You have presented an interesting perspective on viewing the potential funding hurdles that a company such as CACC may indeed face. However, I feel that you may not understand the operational side of CACC's business as well as you understand the financial perspective. CACC does not merely "purchase" dealer contracts at a slight discount. The majority of CACC dealer contracts purchased, are in fact purchased "with recourse". In essence, the contracts are not really purchased, they are serviced or collected by CACC's collection department, and the dealer is paid an "advance" which represents a discount of between approximately 15-50%. The dealer advance is repaid to CACC as the payments for the auto loan are made. The advance becomes a "purchase" when enough payments are made on the loan (based on an 80/20 split) to pay back the dealer advance. In addition, the dealer receives an additional incentive after this "breakeven point" because he/she stands to receive an additional 20% if the entire contract is paid in full. This is why CACC uses SOP 03-3.
I am a firm believer that this is one of the nuances that sets CACC apart from other subprime lenders in the automobile finance industry. I believe that Wachovia understands this is as well. Further, I don't think comparing a commercial mortgage lender like Gramercy Capital makes any sense at all here. Obviously, given the turmoil in the mortgage finance sector over the last 14 months, any mortgage lender is going to be put under the microscope by his banker. If anything, with GMAC and Ford Motor Credit doing away with lease financing, more consumers will be forced to purchase used cars, and that is right up CACC's alley. I have been a recent (as well as small < 1000 shares) buyer, due to my belief that recessionary times are bullish time for CACC and their collection rates are consistently 20-30% above average dealer advance ratios. I think you should cover your position if you have one.
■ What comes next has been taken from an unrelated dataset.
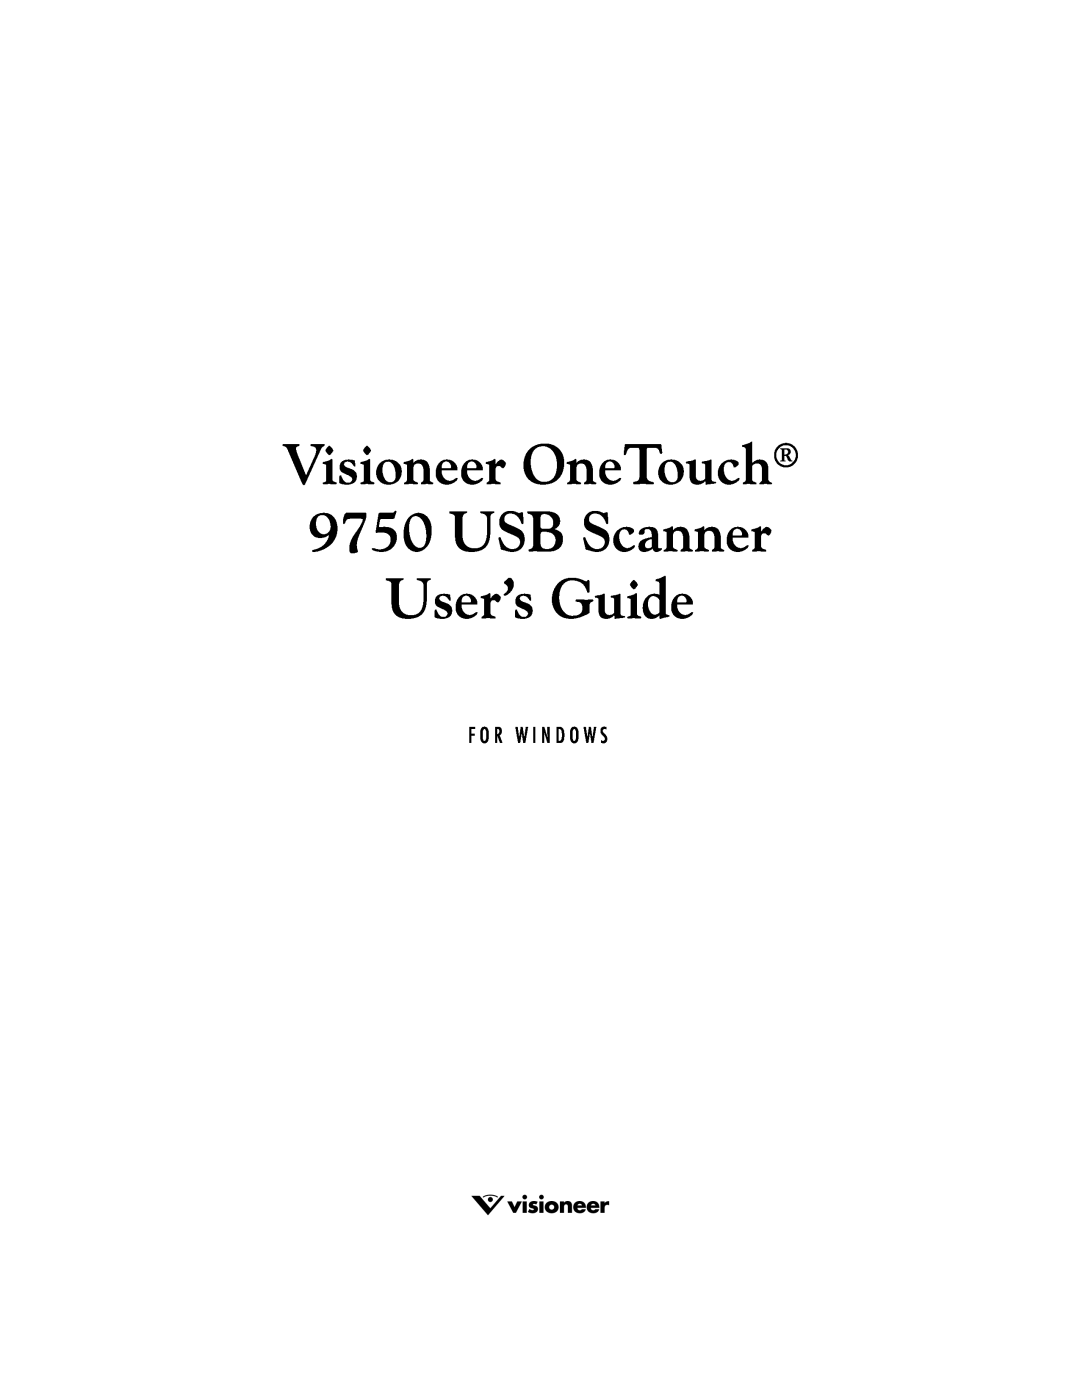 Visioneer manual Visioneer OneTouch 9750 USB Scanner User’s Guide, F O R W I N D O W S 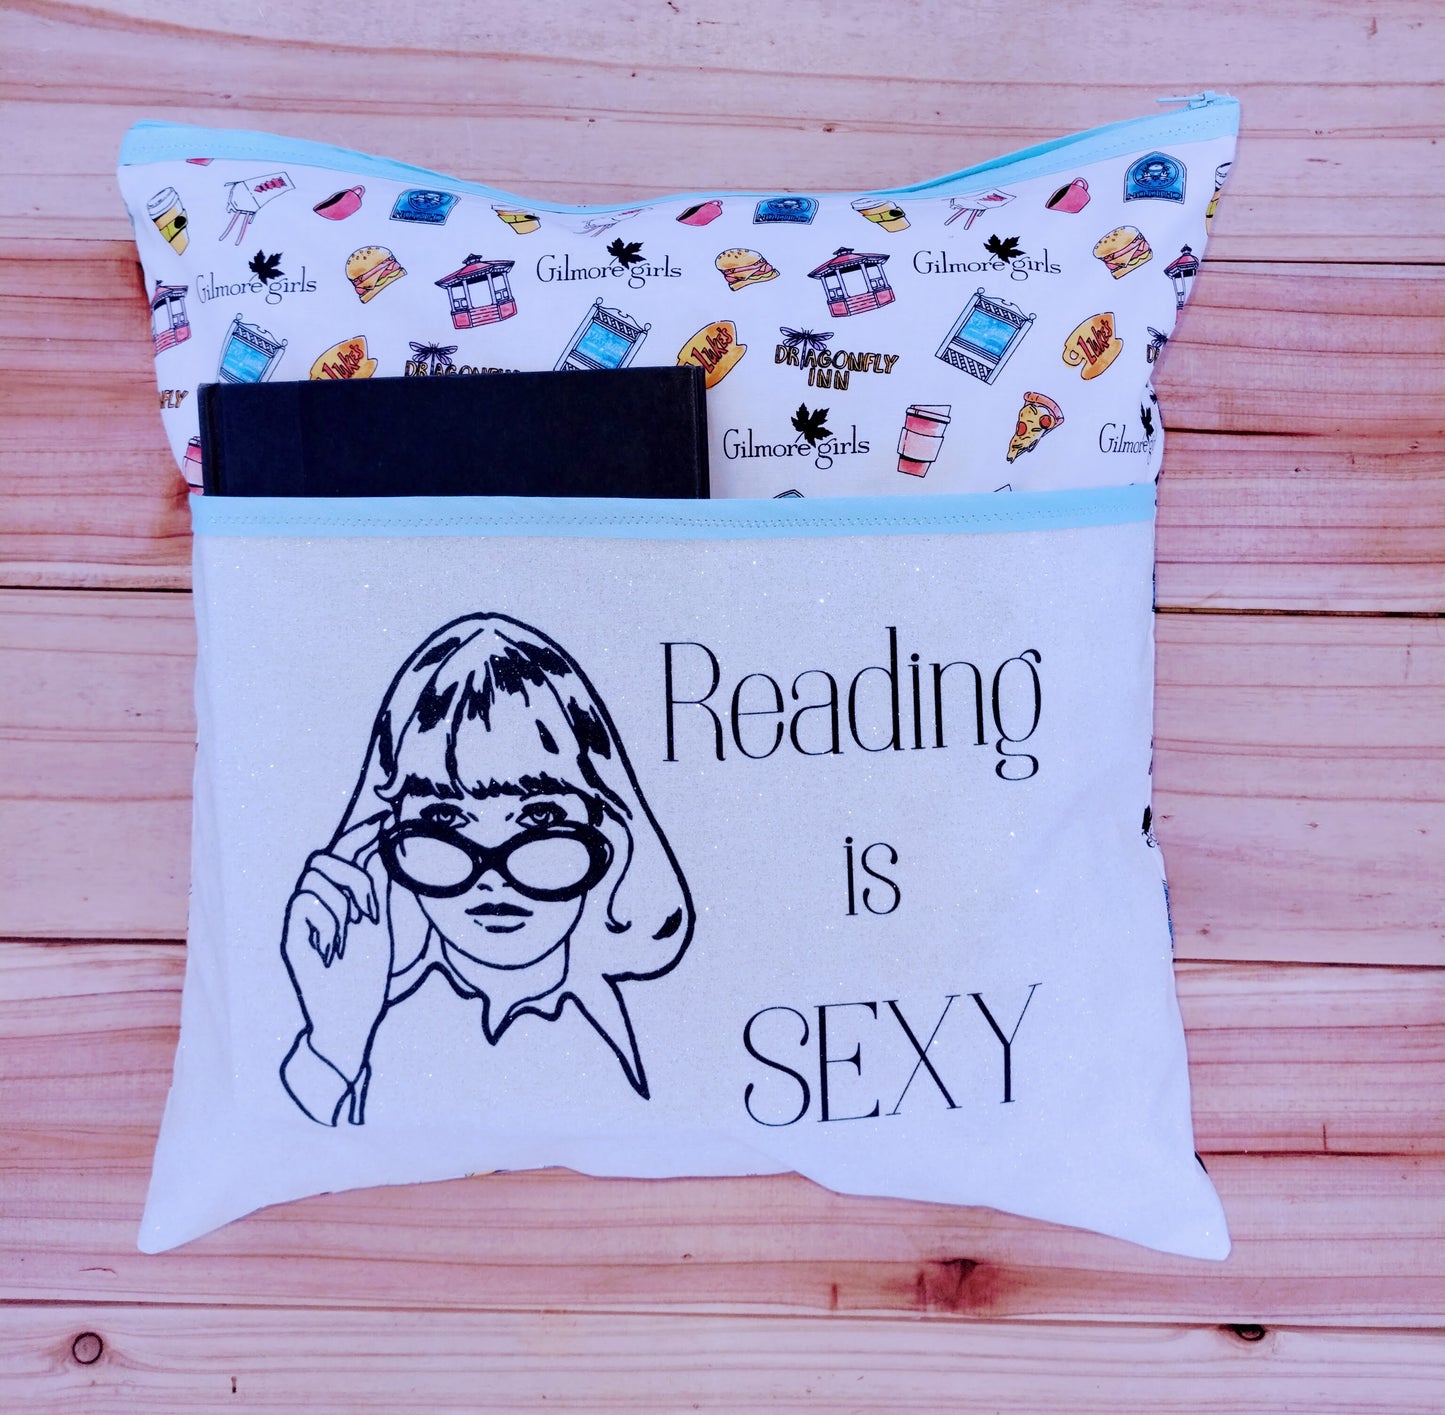 Gilmore Girls reading is sexy reading pillow

I believe to you to revisit your understanding of CACC. The advance to the dealer is non-recourse. See their 10k: "offer dealers a non-recourse cash payment (referred to as an “advance”) against anticipated future collections on Consumer Loans serviced for that dealer." The dealer is "in the money" at origination and historically has received little on the back end (Collection rate - advance rate - 20% fee). Dealers prefer the "purchase product" because they get a bigger advance and are more "in the money" at the sale of the car. The purchase product has grown from 5% to around 35% in the past year.